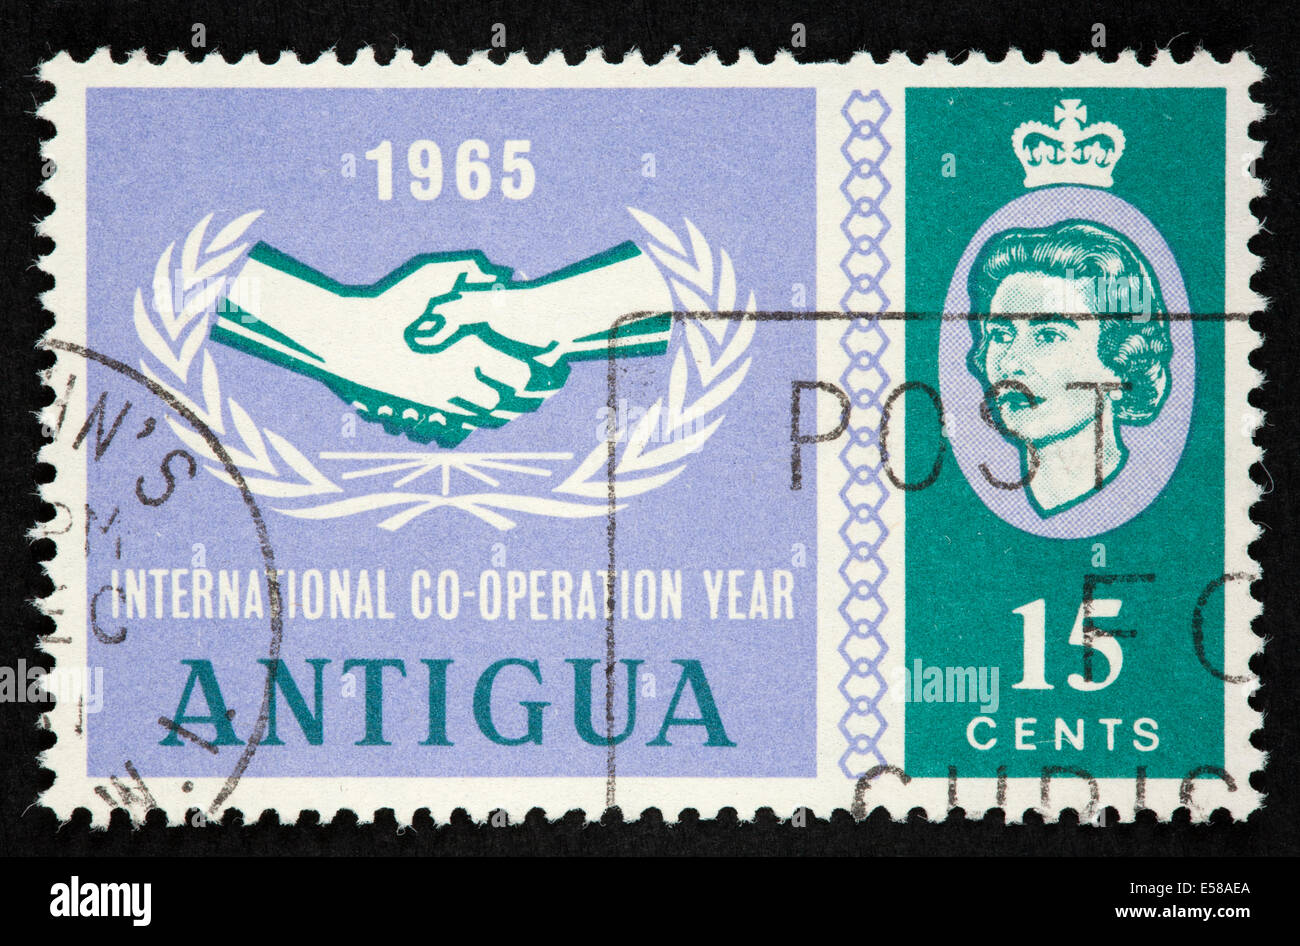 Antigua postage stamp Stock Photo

...

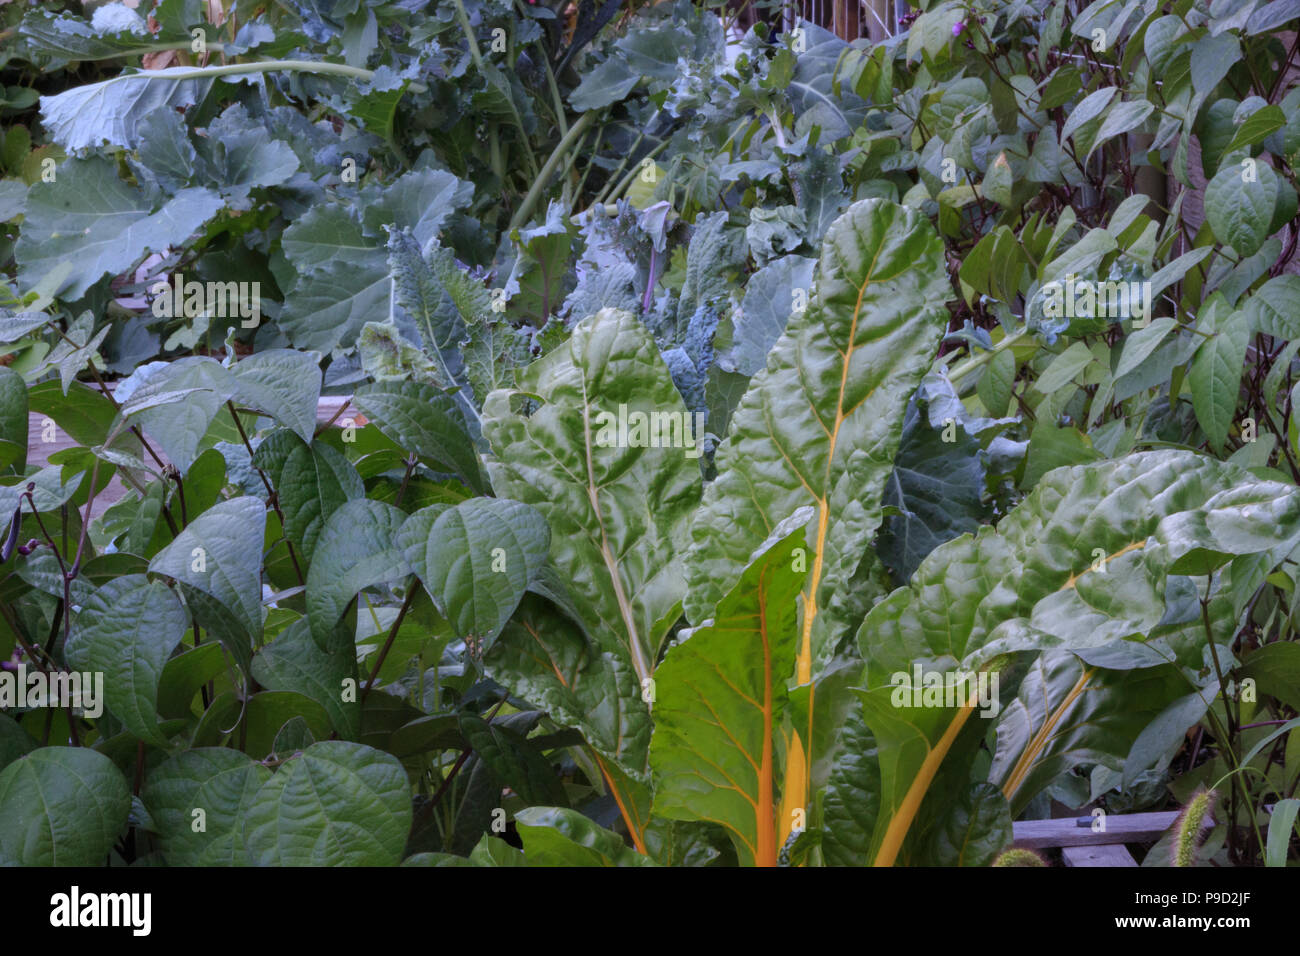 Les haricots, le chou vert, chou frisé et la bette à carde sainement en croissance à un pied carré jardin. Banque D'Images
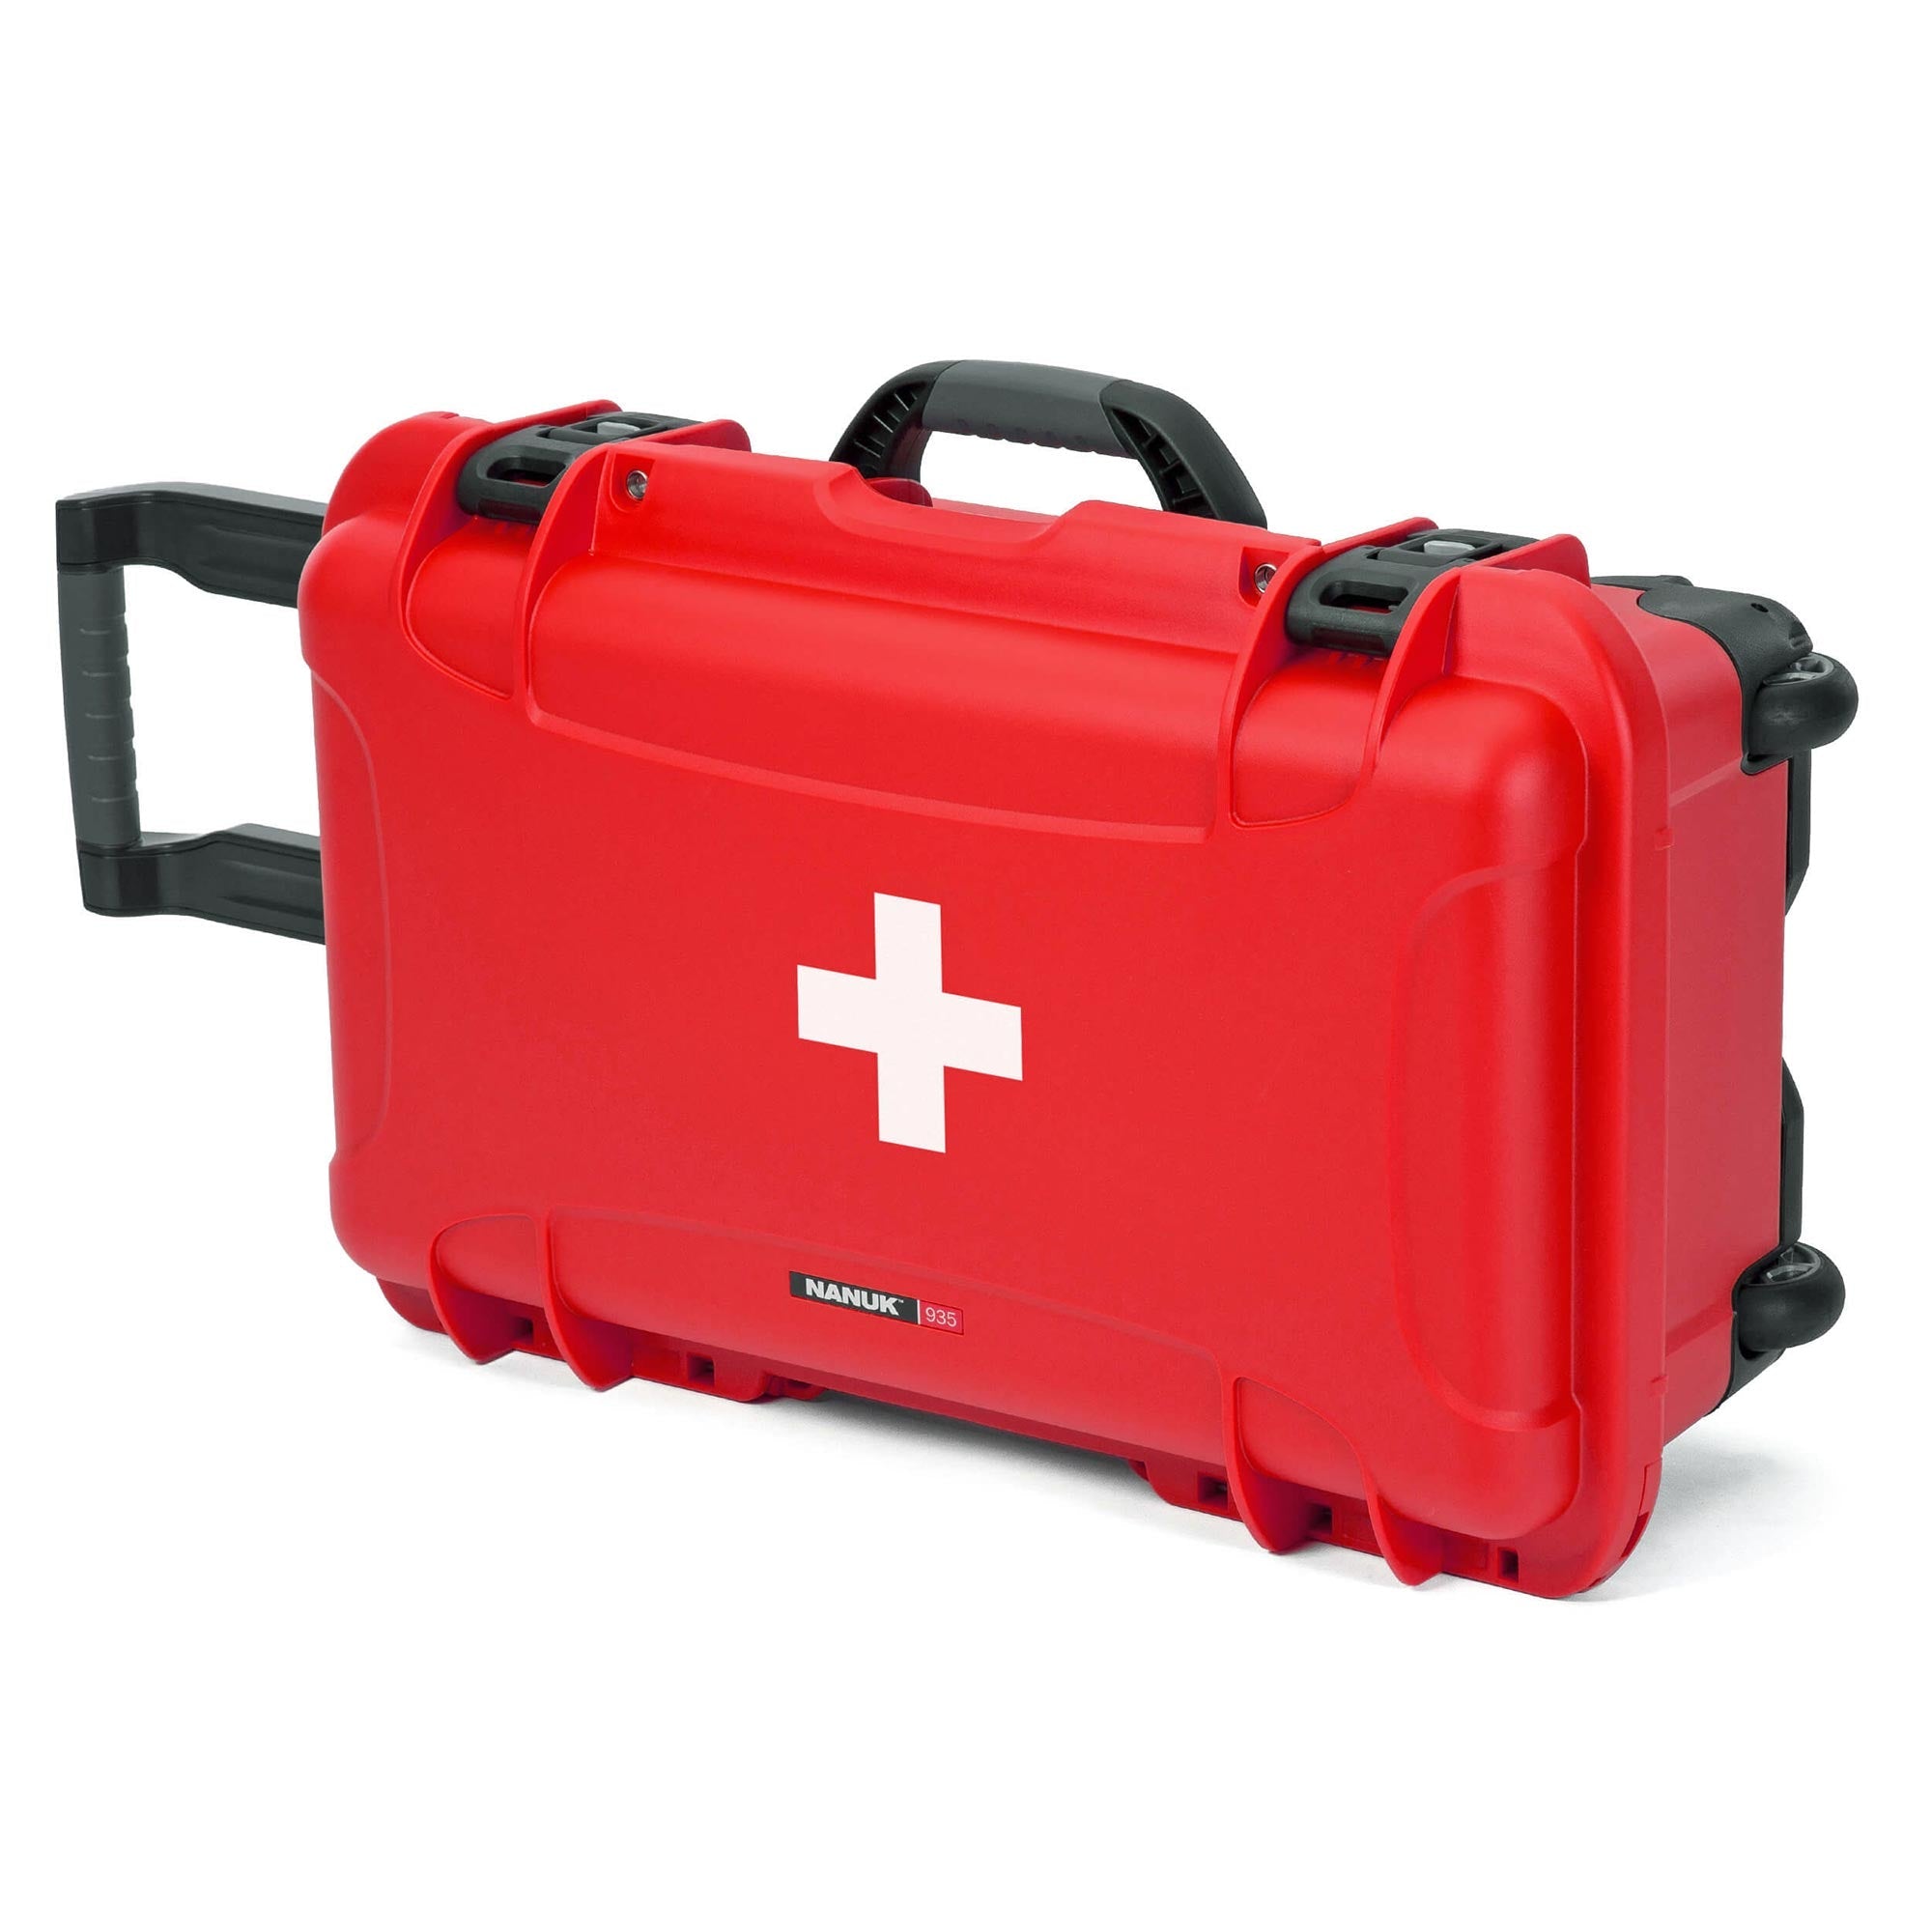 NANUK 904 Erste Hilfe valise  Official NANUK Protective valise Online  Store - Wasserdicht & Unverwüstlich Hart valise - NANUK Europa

THE TASK - Please copy the lines above exactly, starting at the line that holds "Les haricots, le" and ending at the line that holds "NANUK 904 Erste"; include both, but no pictures.

RESULT BELOW -
 Les haricots, le chou vert, chou frisé et la bette à carde sainement en croissance à un pied carré jardin. Banque D'Images
 NANUK 904 Erste Hilfe valise  Official NANUK Protective valise Online  Store - Wasserdicht & Unverwüstlich Hart valise - NANUK Europa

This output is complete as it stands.